ALLAH’IN (cc) Esmâsı
anılınca veya Hazreti Muhammed’in (sas) ismi telâffuz edilince gönül titrer,
göz yaşarır ya, hakeza, ay yıldızlı bayrağımız nazlı nazlı sallanır ya, dahası
Mehteran bir marş seslendirir ya, o zaman hüzünlenip gözyaşlarına boğulanlara “Bunlar ne sulu gözlü!” diyenler, -bir
kısmı iyi niyetli de olsa- akan gözyaşının hikmetinden bîhaberlerdir.
Birileri
de var ki, o gözyaşlarının sırrını bilir ve istihza ile kıs kıs gülerek “Ne olacak, sulu göz!” der ve aklı sıra
karşısındakinin hâline acımış (!) olur. Bununla alâkalı tek bir misâlle
yetinelim (gözyaşı rahmettir, alay edense gayr-ı ciddî ve kem niyetlidir)…
Ebû
Ümâme Suday İbni Aclân el-Bâhilî’den (ra) rivâyet edildiğine göre, Peygamber
Efendimiz şöyle buyurdu: “Allah
katında hiçbir şey, iki damla ve iki izden daha sevimli değildir: Allah
korkusuyla akıtılan gözyaşı damlası ve Allah yolunda dökülen kan damlası… İki
iz ise, Allah yolunda çarpışırken alınan yara izi ve Allah’ın emrettiği
farzlardan birini yerine getirmekten kalan kulluk izidir.” (Tirmizî, Fezâilü’l-Cihâd, 26)
Rahmetli
Yahya Kemal’in “Bin atlı, akınlarda
çocuklar gibi şendik/ Bin atlı, o gün dev gibi bir orduyu yendik”
mısralarındaki ecdâdımıza yüz sene önce reva görülen ve Sykes-Picot ile
dayatılmış sınırlarla Tuna boylarında atlarını süren Akıncıların yurdu
cetvellerle bölünmüştü.
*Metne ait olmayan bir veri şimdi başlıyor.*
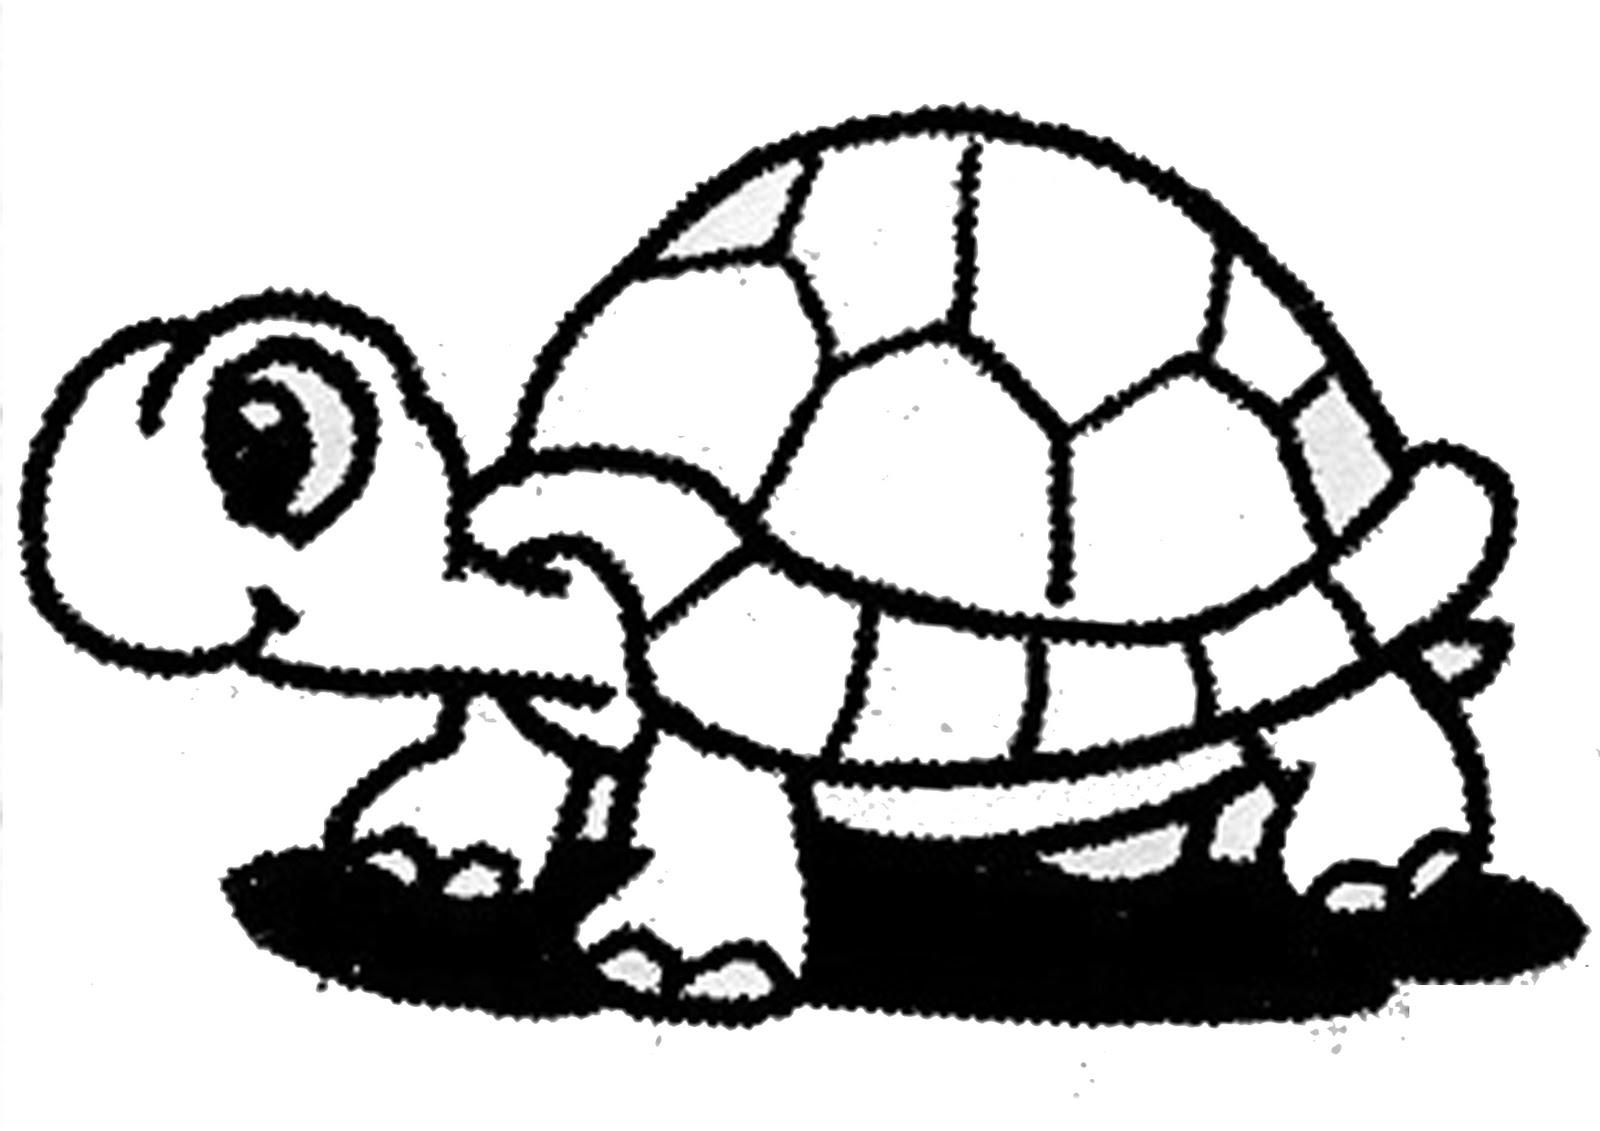 Gambar Keren Kartun Lucu 💕 💕 Gambar Zoo Kartun Hitam Putih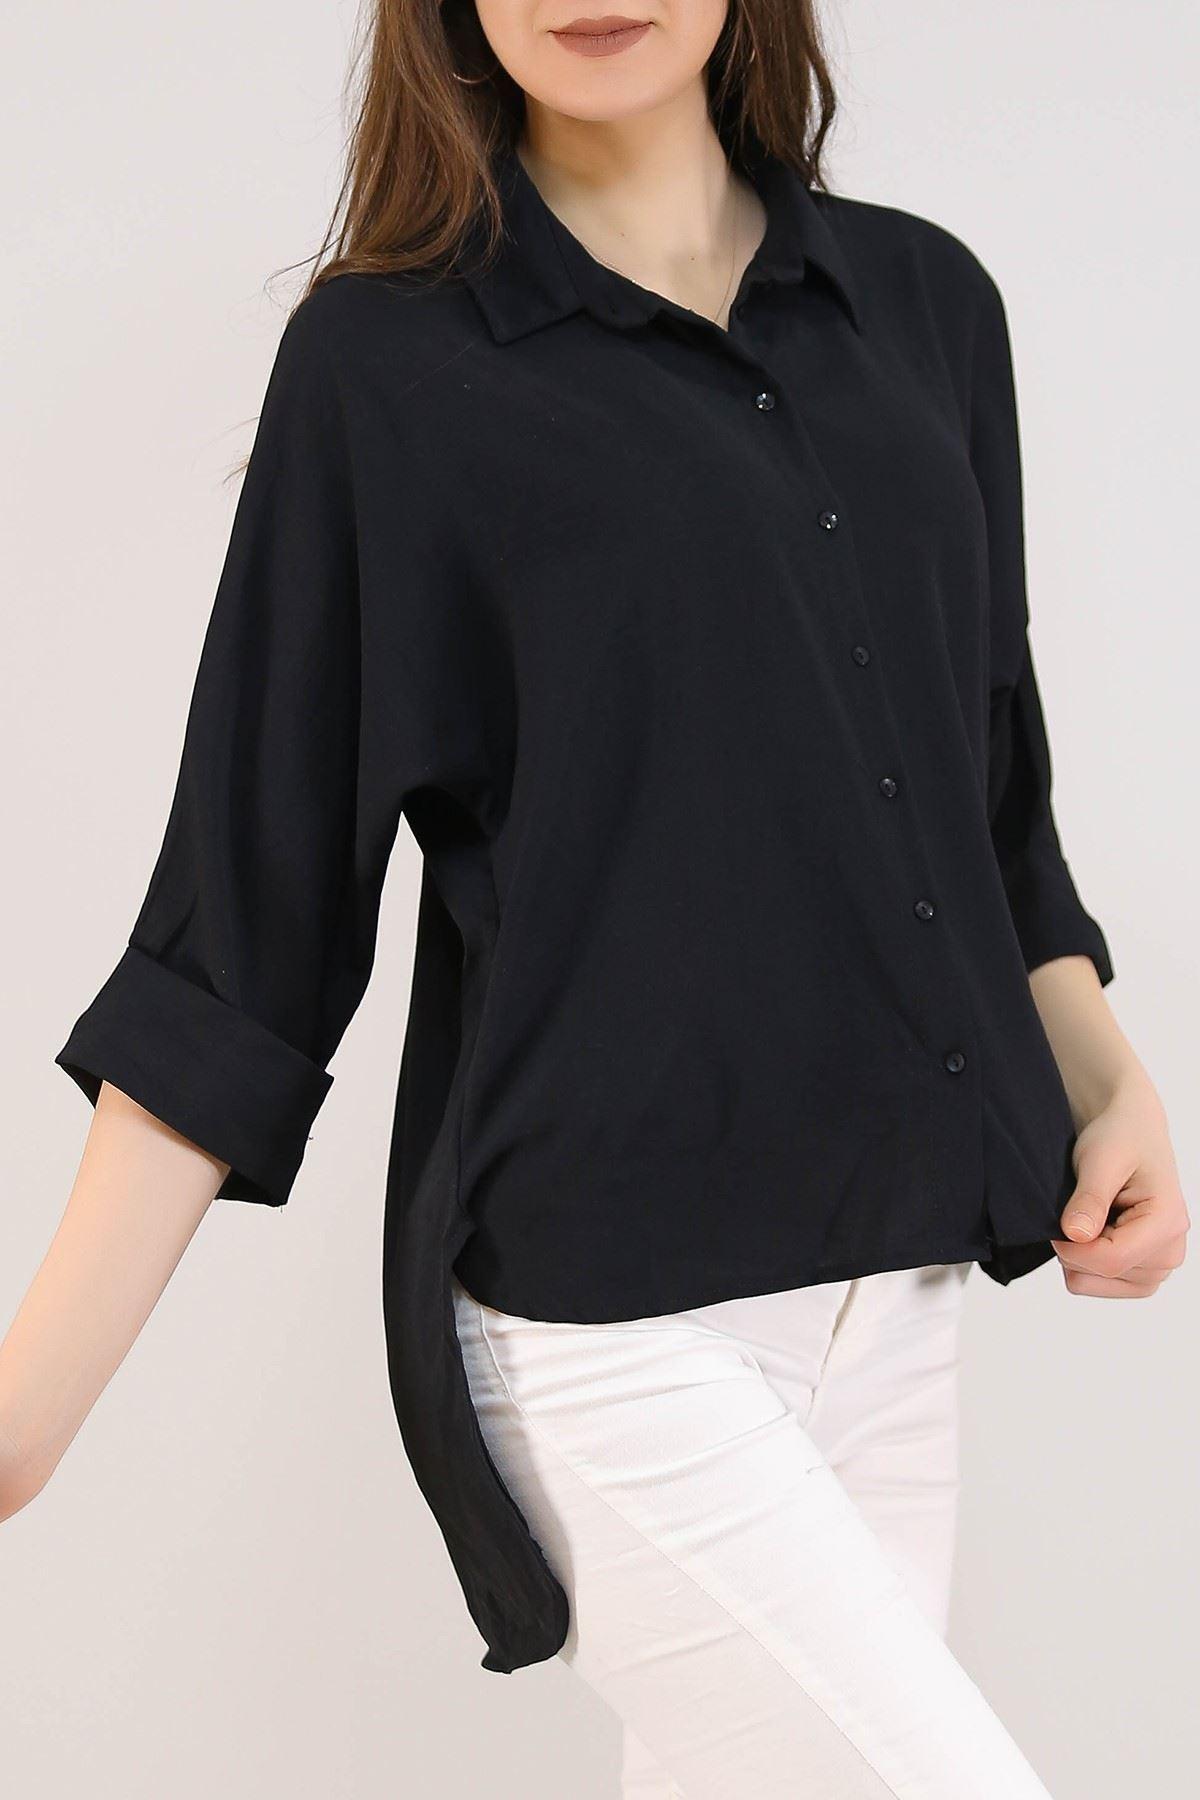 Salaş Kesim Kadın Gömlek Siyah - 3339.222.

Bize Sevr’i dayatanlar, Anadolu’nun küçük bir köşesini
bile fazla görmüşlerdi.
Emperyalist
Batı’nın sanayi terakkisi ve makine endüstrisinin kalbi olan “neft”, bizim hâkim
olduğumuz topraklarda ve gönül coğrafyamızda idi. Müstevlilere göre, behemehâl
bu doku bozulmalı, o iksir (neft) onların ellerine geçmeliydi. Her ne kadar milletimize
dayatılan “Sevr” paçavrası yırtılıp atılmış olsa da emperyalist Batı, “Haçlı
Seferleri” ile muvaffak olamadığı askerî operasyonlarının yerine, bize
dayattığı cici demokrasi ideolojisi ve içimizden devşirdiği “mankurtlarla”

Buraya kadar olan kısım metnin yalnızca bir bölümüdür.